The ethics of conducting a placebo-controlled tPA trial is an interesting question. Stroke neurologist Dr. Peter Appelros and colleagues wrote an editorial called: Ethical issues in stroke thrombolysis revisited. It was a follow-up to a bioethics paper written in 1997 by Furland and Kanoti. The original article identified five areas of concern. Appelros’ position is that the ethical issues raised over two decades ago have not been satisfactorily answered. Have you read that editorial and what are your thoughts?

Standard of care is also an interesting topic. It is a legal term that has a specific definition.

  • the reasonable degree of care a person should provide to another person, typically in a professional or medical setting. 

SGEM#200

Standard of care is often discussed by  emergency physicians (Moffett and Moore WestJEM 2011). Standard of care does not necessarily mean the best care. There are many examples in the medical literature where the standard of care was not the best care. The classic story I’ve often told is about bloodletting (SGEM#200). Standard of care could be considered an argument from popularity, and I think it is better for us as scientists to look at the evidence.  Do you agree?

Can you briefly describe the methods used for your fragility index study?

How many studies did you find and how big was the included cohort?

Using your definition of FI: The minimum number of nonevents that when changed to events in one arm of an interventional trial or meta-analysis of trials converts the result to statistical nonsignificance.

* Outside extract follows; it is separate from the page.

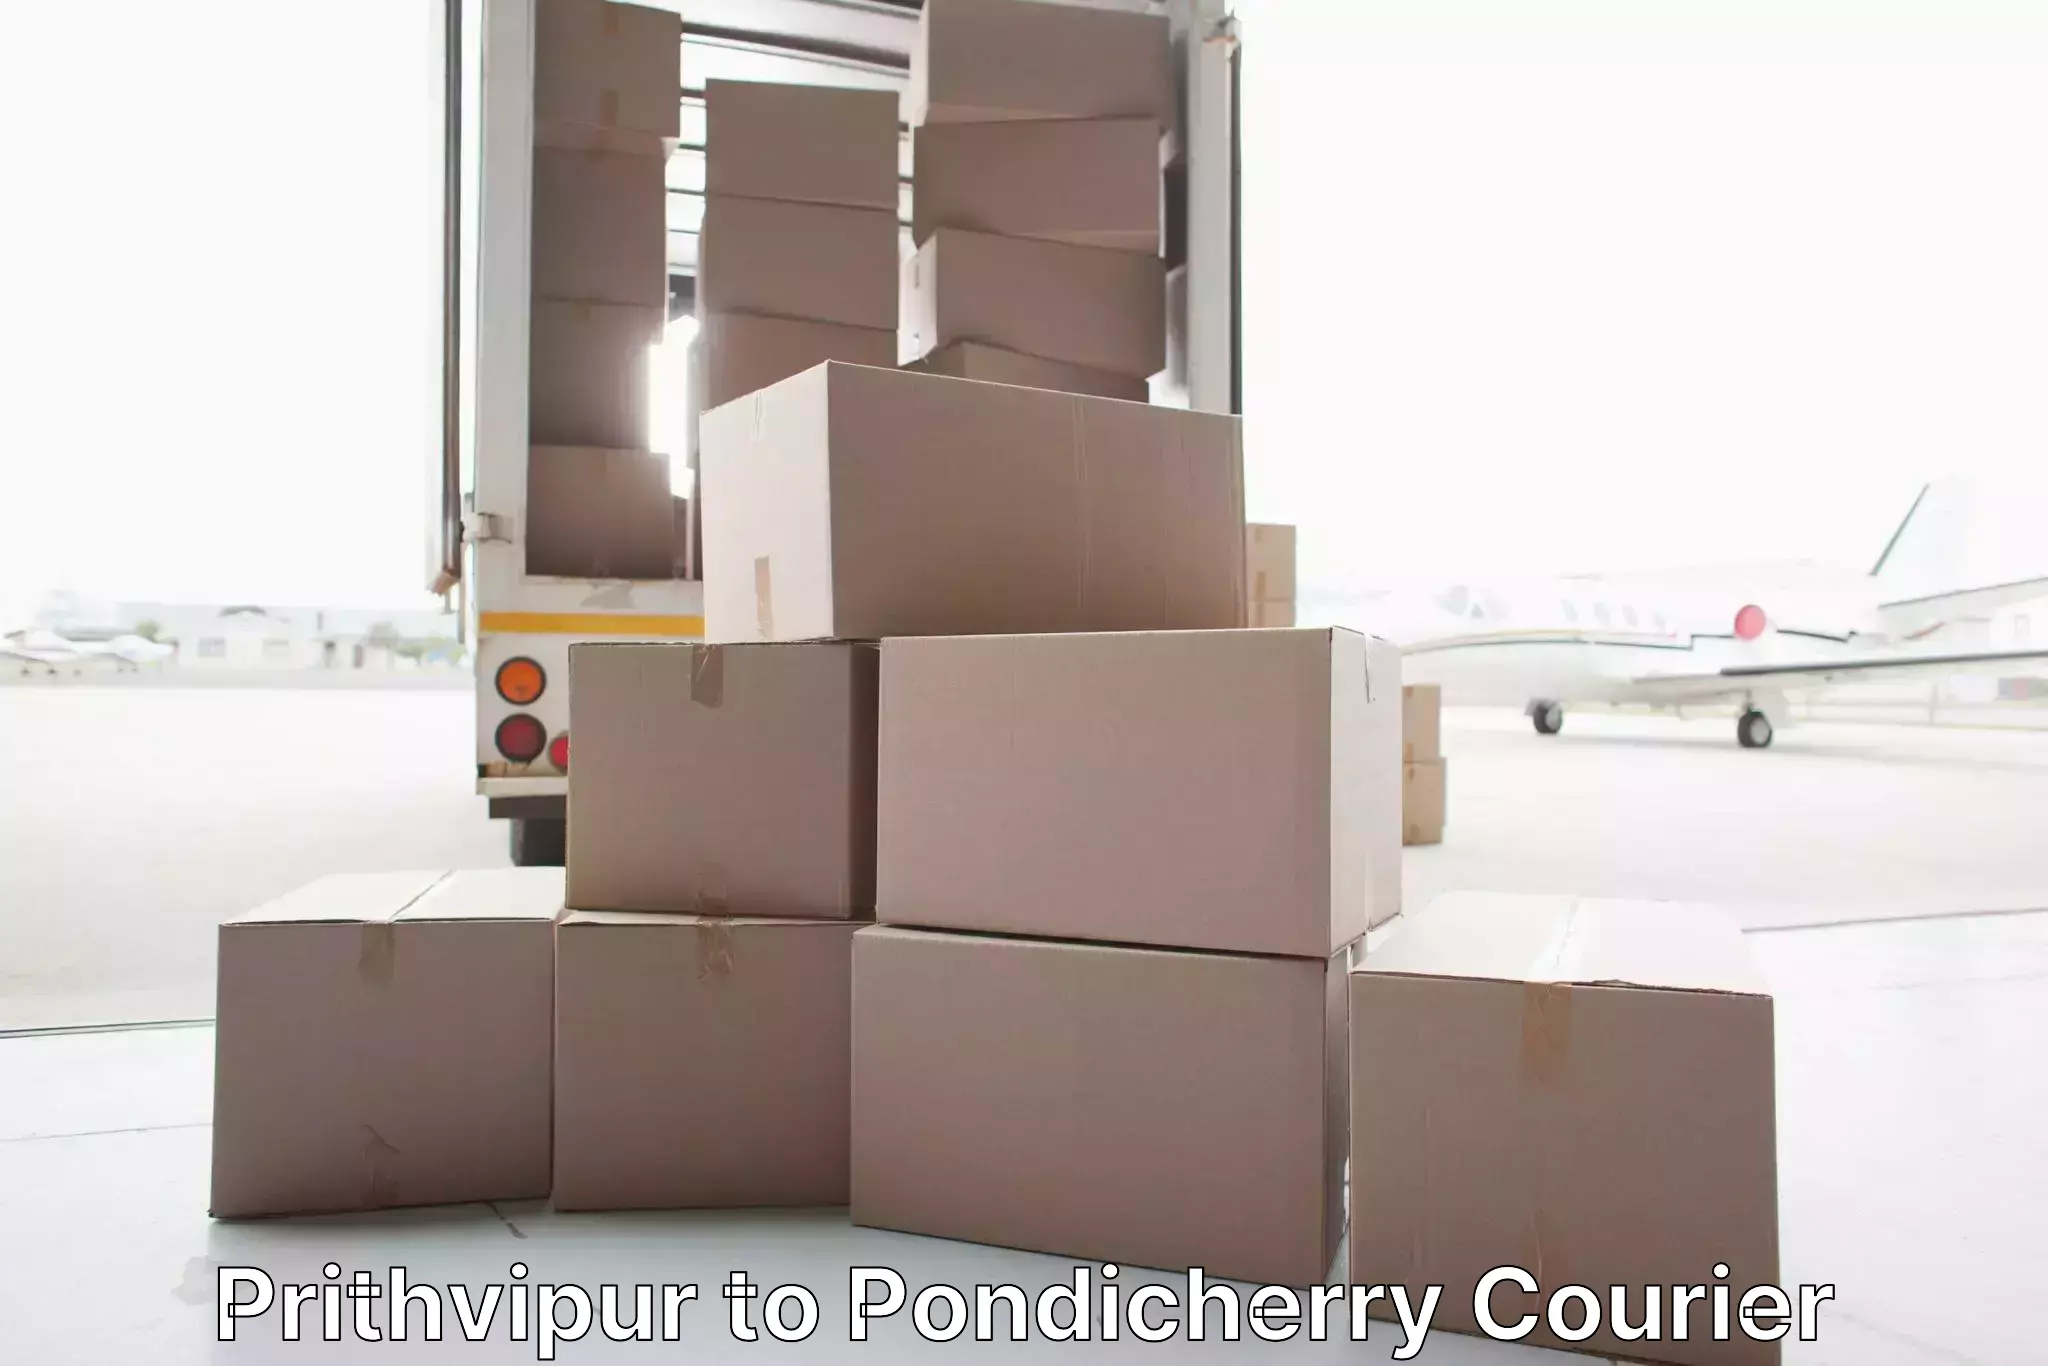 Home moving specialists Prithvipur to Pondicherry University

In other words, the FI is the minimum number of patients who would need to have a different outcome to change the p value from <0.05 to >0.05.

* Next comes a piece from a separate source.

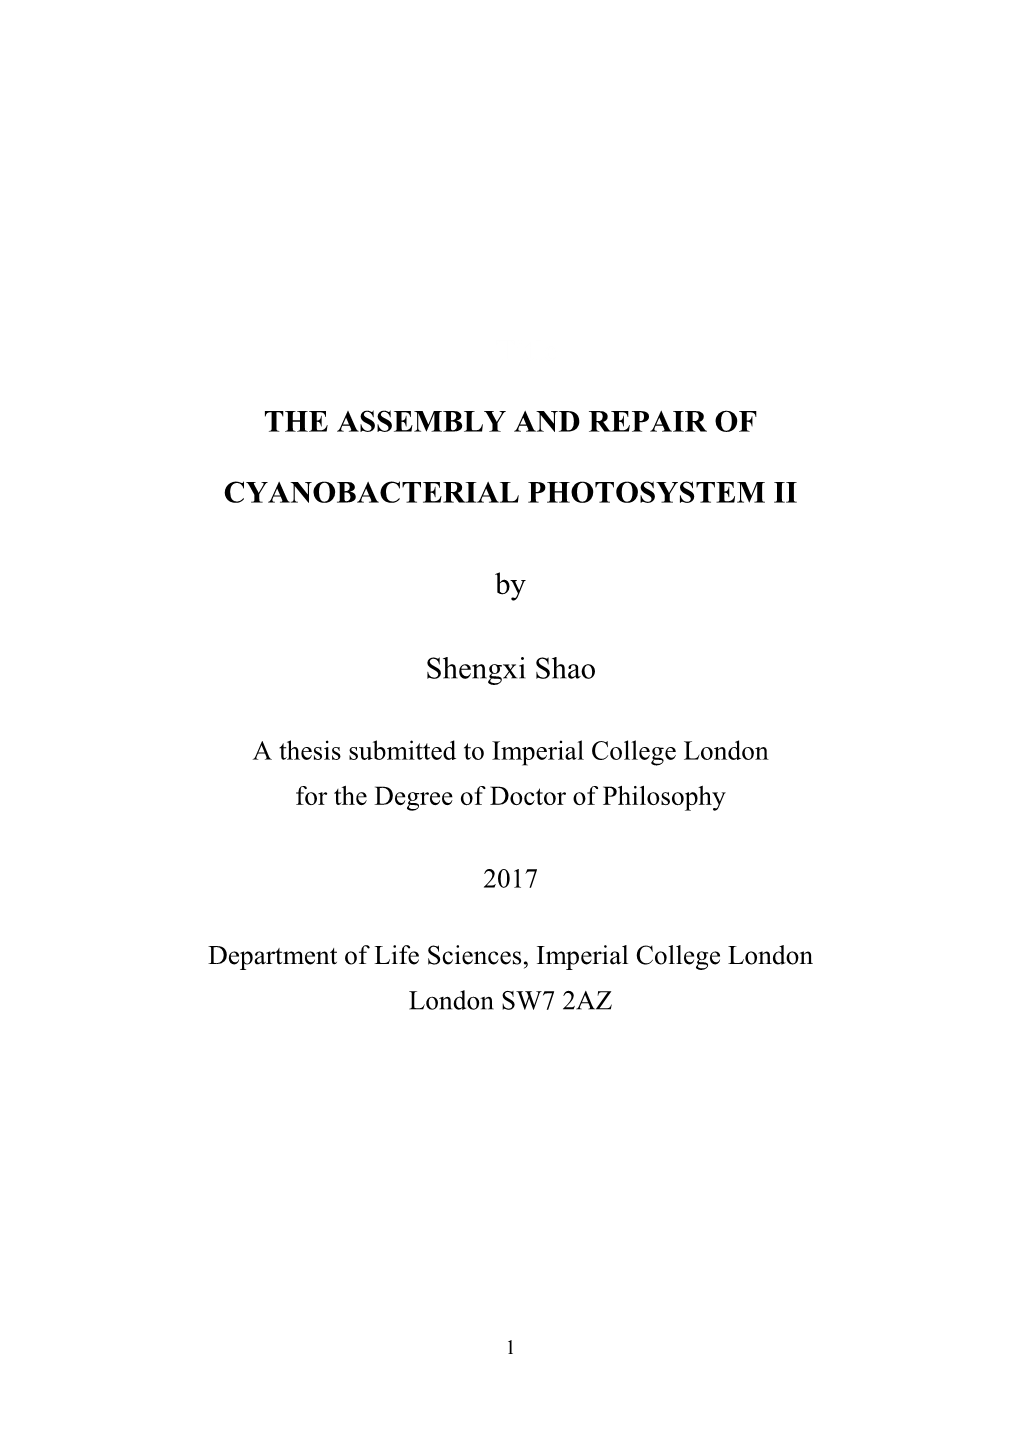 Title the ASSEMBLY and REPAIR of CYANOBACTERIAL

How many would be required to flip statistically significant to insignificant (or “positive” result to a “negative” result). There is only one RCT that had a “positive” result for their primary outcome (NINDS part 2). Is it reasonable to include the other seven RCTs that did not have a statistically positive result for their primary outcome? All those individual RCTs would have a FI of zero because their p-value was greater than 0.05.

One quality metric we look for when authors are meta-analyzing data is to do a Risk of Bias (RoB) assessment. What tool did you use to assess potential bias in the included studies of your SRMA?

You rated all the studies as having low risk of bias in the randomization process and missing outcome data. There are two papers recently published that differ in this assessment (Garg and Mickenautsch BMC Med Res Methodol 2022 and Garg R. Acta Neruo Scand 2022). Why do you think there is a difference between your assessment on RoB and others?

You also rated the IST-3 trial as having a low-risk bias from deviations from the intended interventions. The trial was mostly open-label (unblinded) and most participants were aware of their assigned intervention during the trial. Could you explain why your assessment of low-risk deviates from Cochrane guidance of high risk?

Only one of the eight RCTs reported a statistical benefit for their primary outcome (NINDS part 2). The number of missing outcomes in the study was 11 and that is greater than the fragility index of 5. How can readers be certain about the robustness of the results without using an analysis using multiple different imputation methods for managing missing data as GRADE recommends?

The primary outcome for your SRMA of FI for tPA in AIS for patients treated within 3 hours of last seen normal was disability freedom. You defined this as a modified Rankin Scale (mRS) score of 0-1. What did you find?

  • Disability freedom (mRS score 0–1), data were available from 8 trials enrolling 1960 patients. Alteplase treatment was associated with increased disability-free outcome, 31.0% versus 22.3%; relative risk 1.39 (95% CI, 1.20–1.61); P<0.00001. There was no evidence of heterogeneity across studies: I2=2%, P heterogeneity=0.42.

The secondary outcome was functional independence. This was defined as a mRS score of 0-2. What did you find for the secondary outcome?

  • Functional independence (mRS score 0–2) outcome, 39.7% versus 31.2%; relative risk, 1.29 (95% CI, 1.14–1.45); P<0.0001. There was no evidence of heterogeneity across studies: I2=0%, P heterogeneity=0.95

What did you find for the other secondary safety endpoint of mortality?

  • Alteplase treatment was not associated with a statistically significant difference in mortality, 24.1% versus 26.1%; relative risk, 0.91 (95% CI, 0.78–1.06); P<0.23.

As mentioned earlier, with summary statistics we need to be mindful of the biases that may be in the original studies. How do you think the likely error in randomization identified by Dr. Garg and the lack of blinding in IST-3 would potentially impact your analysis?

What was the FI for disability freedom (mRS 0-1), functional independence (mRS 0-2) and mortality?

  • Disability freedom: mRS score 0–1, FIs were 42 and 40 for the study- level and individual participant data-level meta-analyses, respectively, placing the evidential strength in the highly robust category (FI>33).
  • Functional Independence: mRS score 0–2, FIs were 40 for both the study-level and individual participant data-level meta-analyses, again placing the evidential strength in the highly robust category.
  • Mortality: For safety, the individual participant-level meta-analysis for mortality showed an overall RFI of 30, indicating a robust evidential foundation.

What scale or metric are you using to characterize this result as “highly robust”? Is there some agreed upon definition or categories?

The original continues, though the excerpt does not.